_AIM OF THE TASK_. Would you transcribe exactly the lines from the one containing "Pink gemstone rings | Eden Garden Jewelry™" to the last line of the data below, both ends included, but none of the pictures?

_RECORDED INFORMATION_.

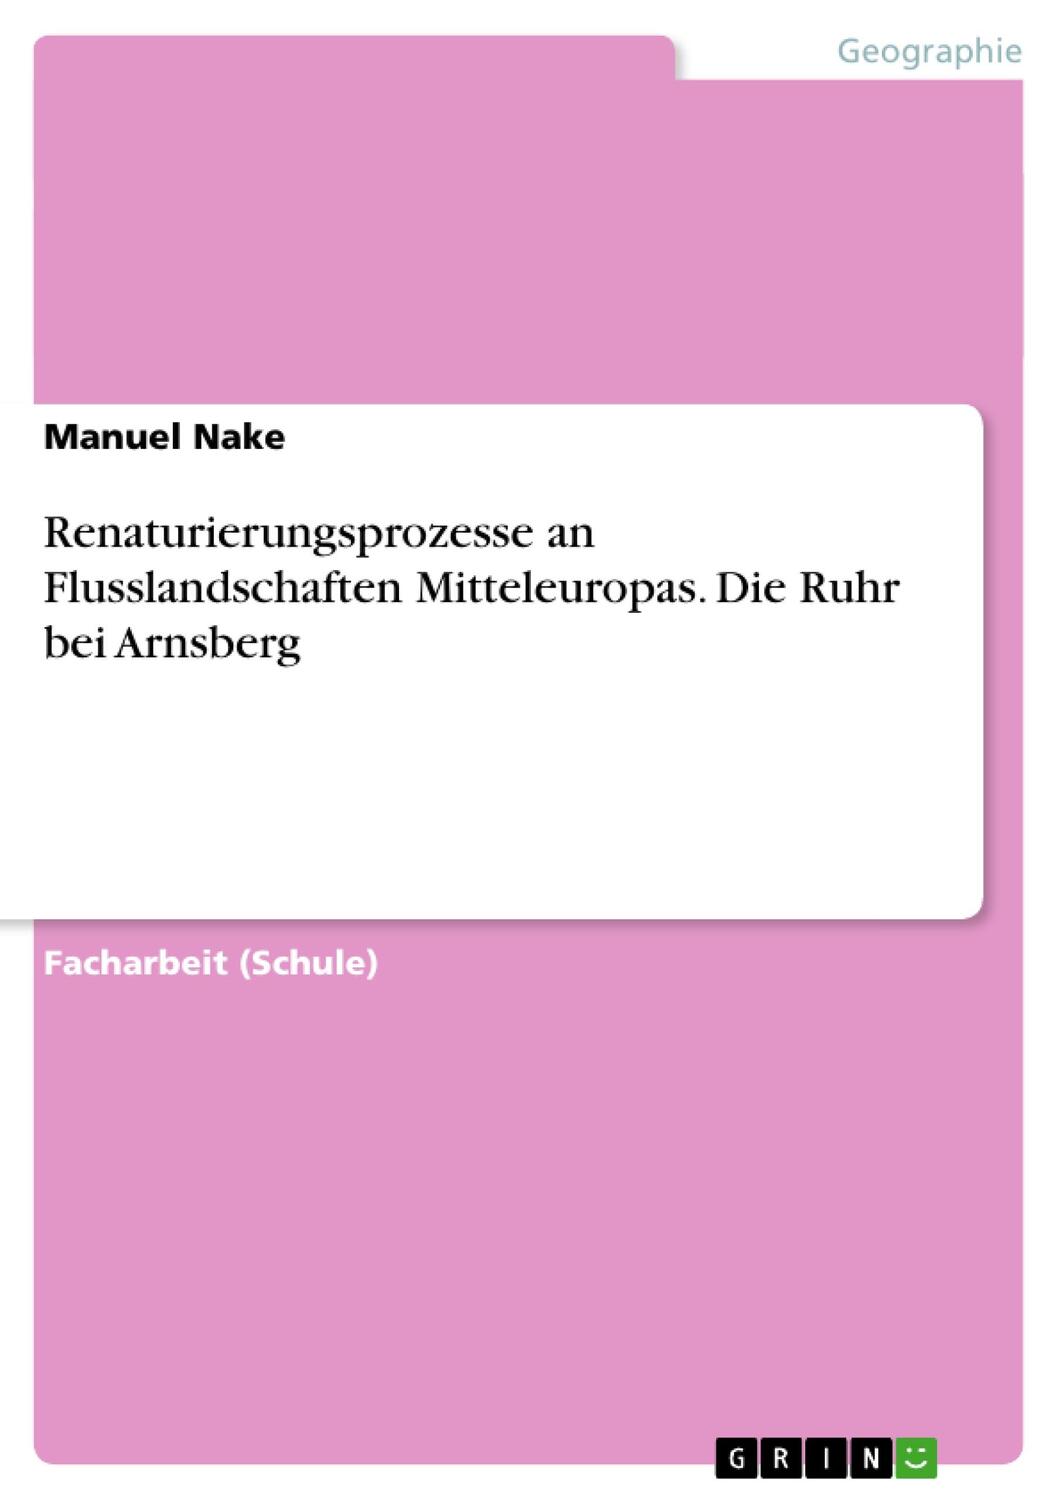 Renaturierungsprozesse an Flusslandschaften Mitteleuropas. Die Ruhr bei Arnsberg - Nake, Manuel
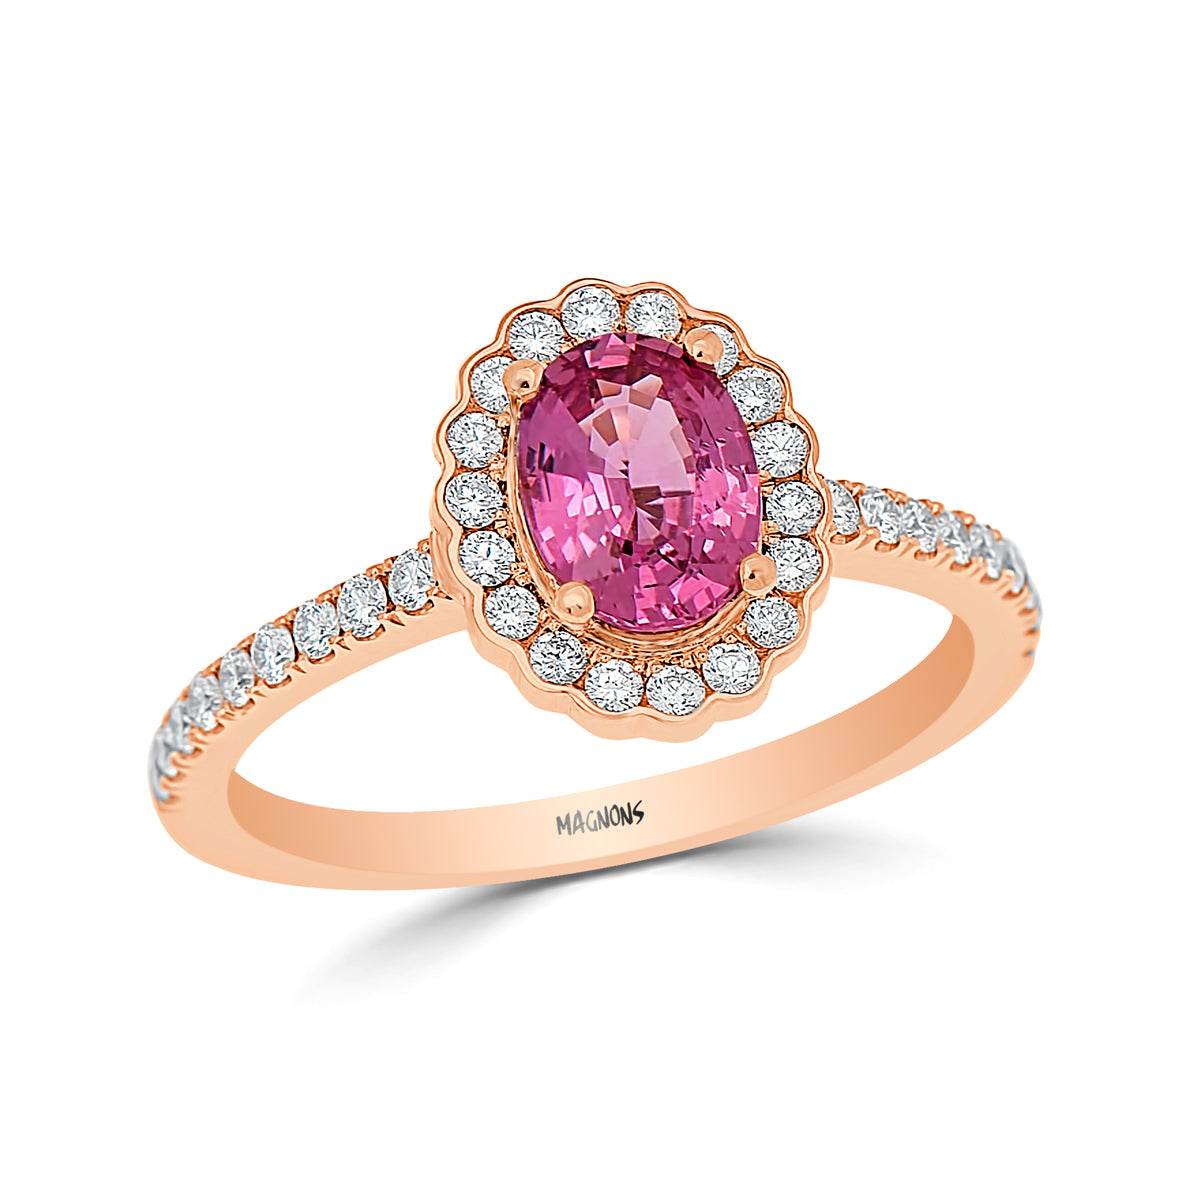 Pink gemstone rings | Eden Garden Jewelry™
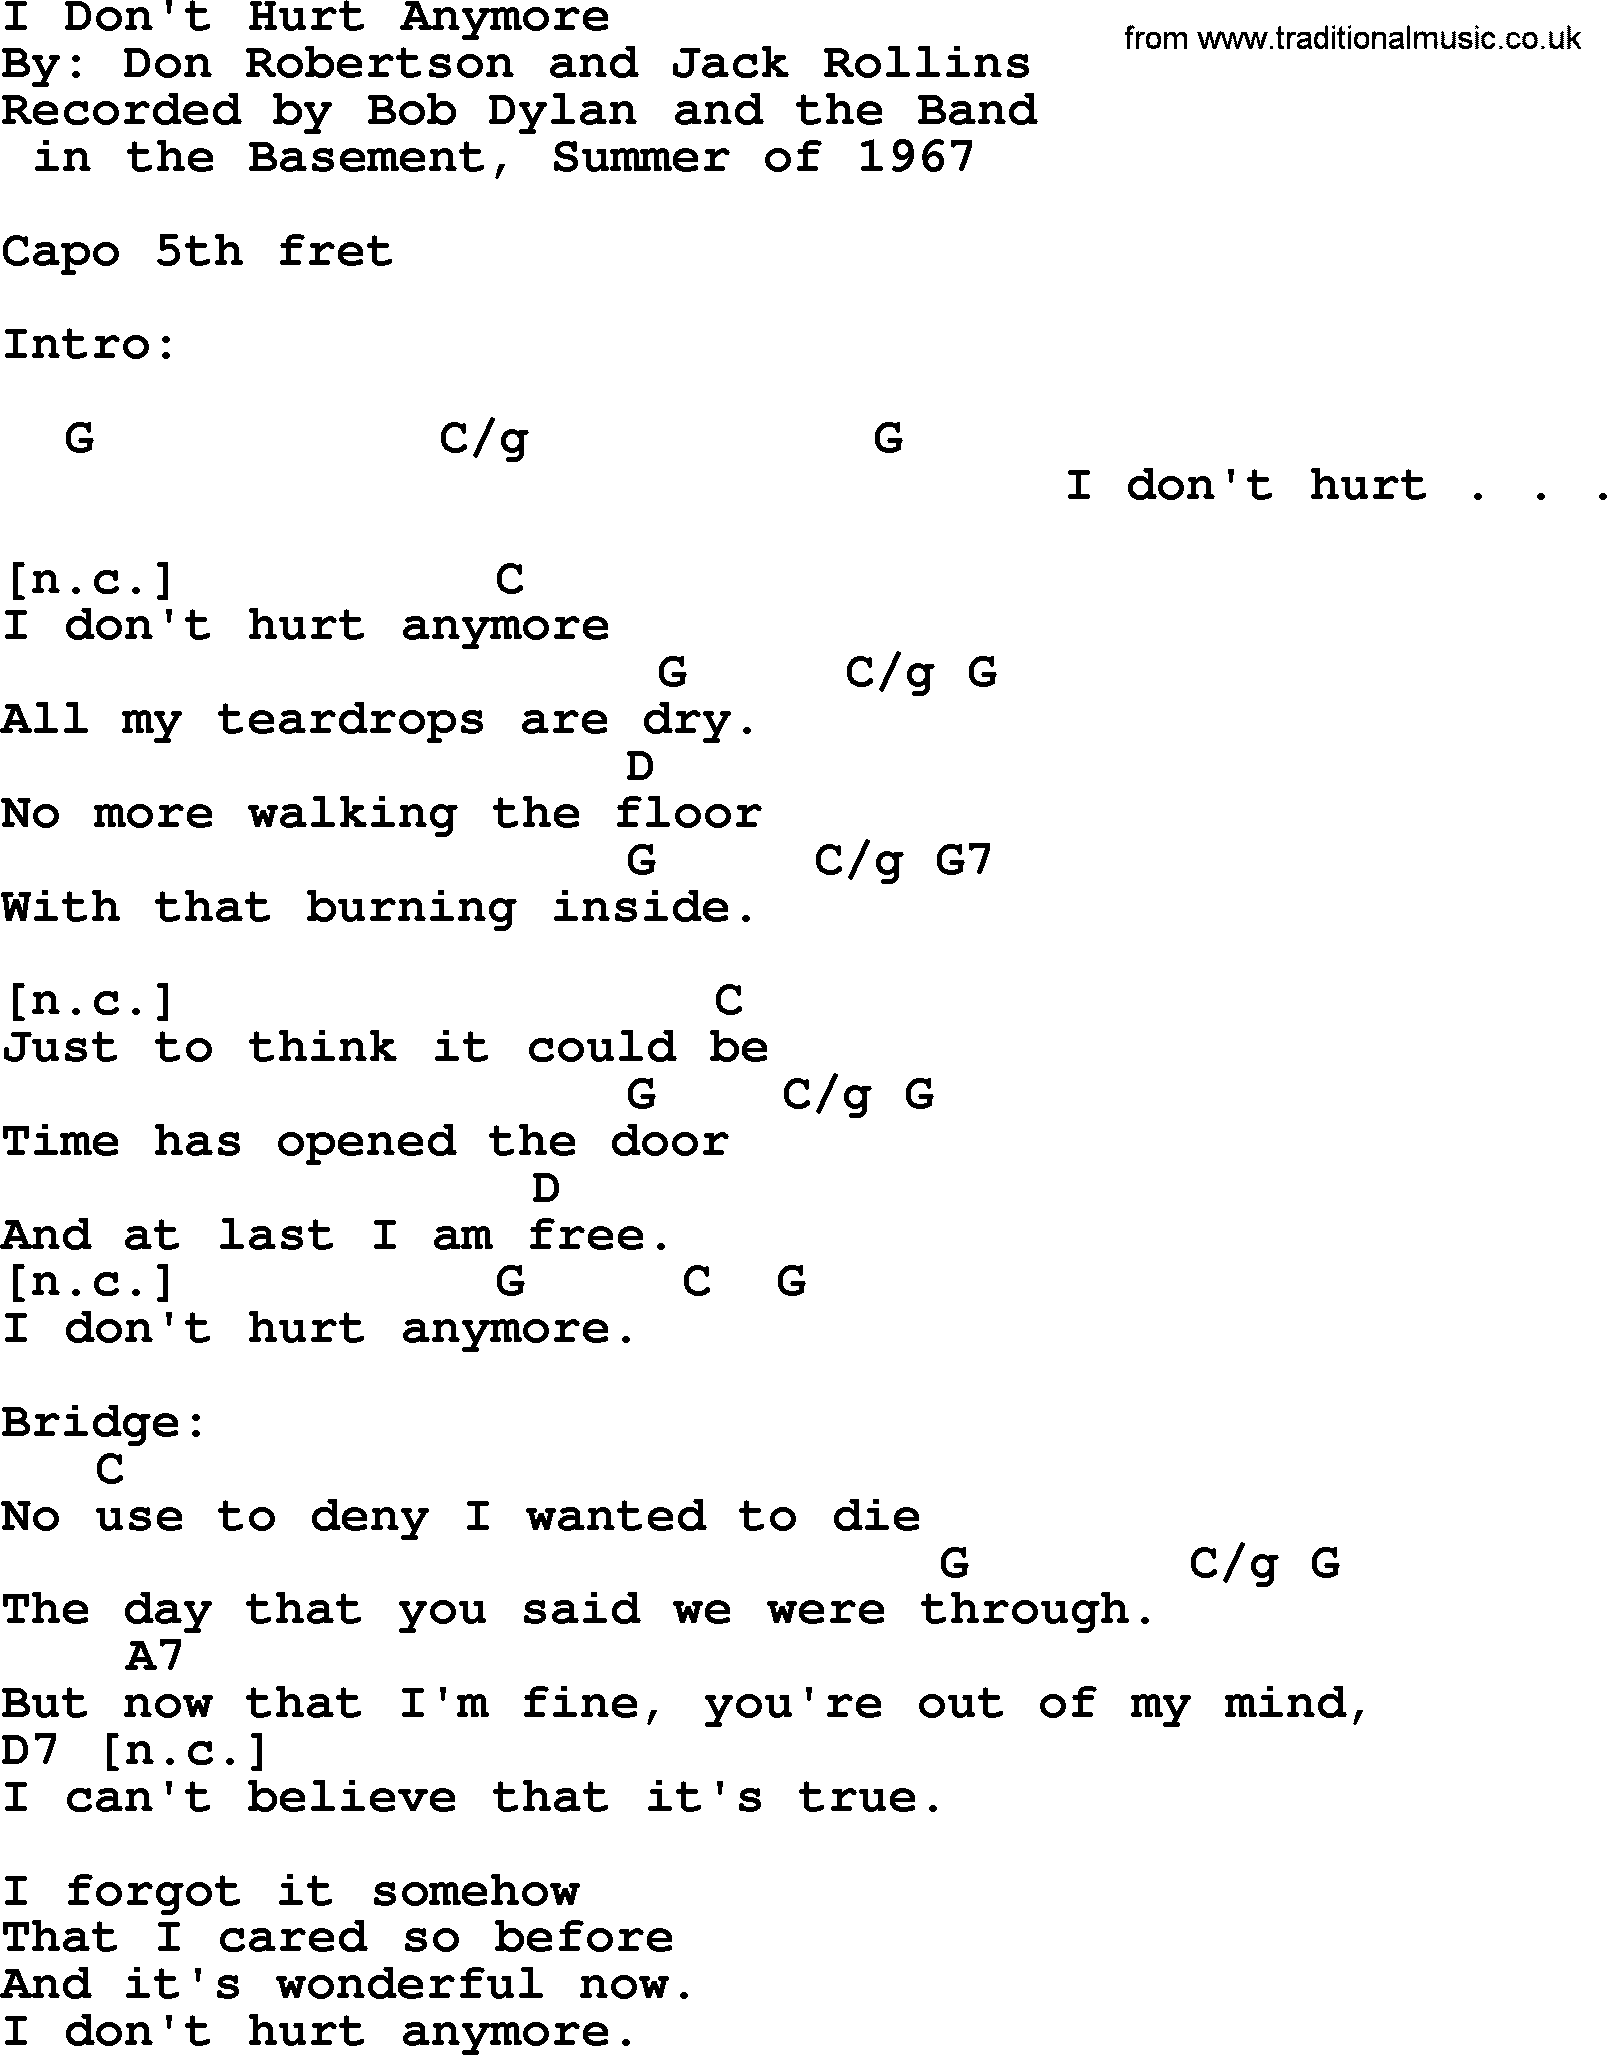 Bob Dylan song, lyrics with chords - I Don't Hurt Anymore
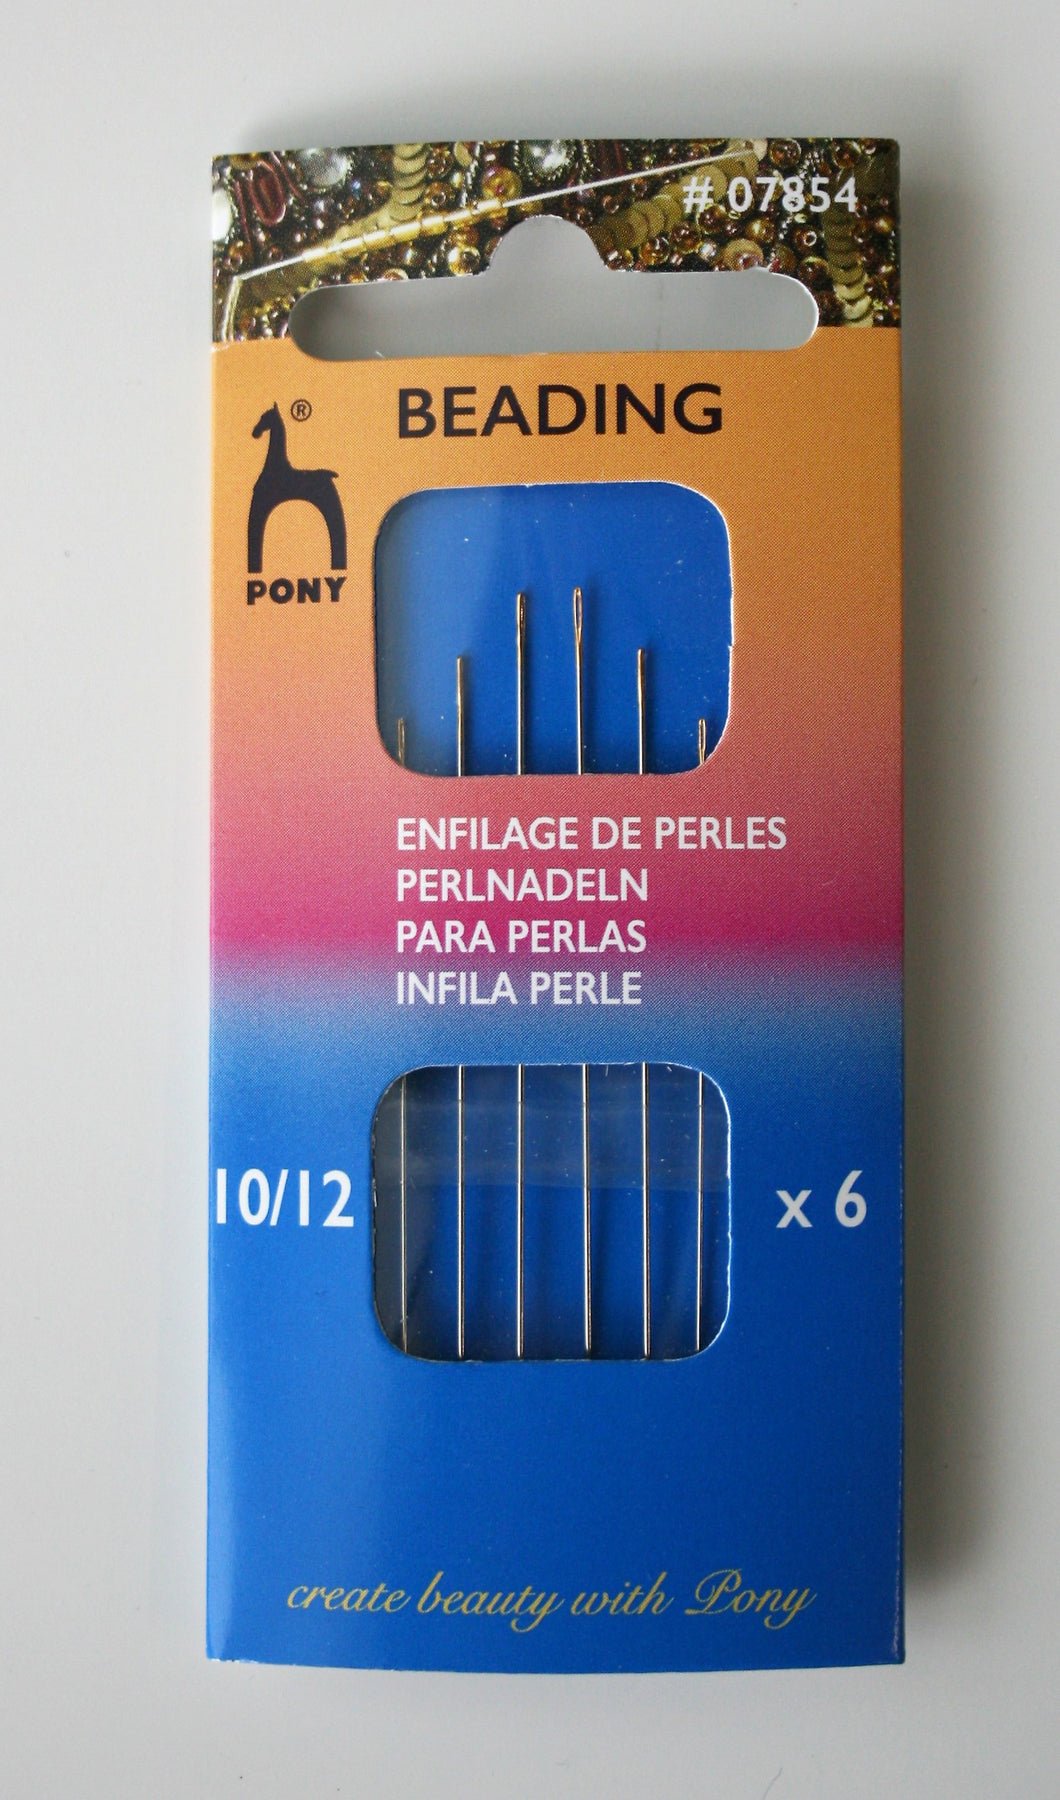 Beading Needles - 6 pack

_EXERCISE OUTPUT_.
 Pink gemstone rings | Eden Garden Jewelry™
 Bob Dylan song, lyrics with chords - I Don't Hurt Anymore
 Beading Needles - 6 pack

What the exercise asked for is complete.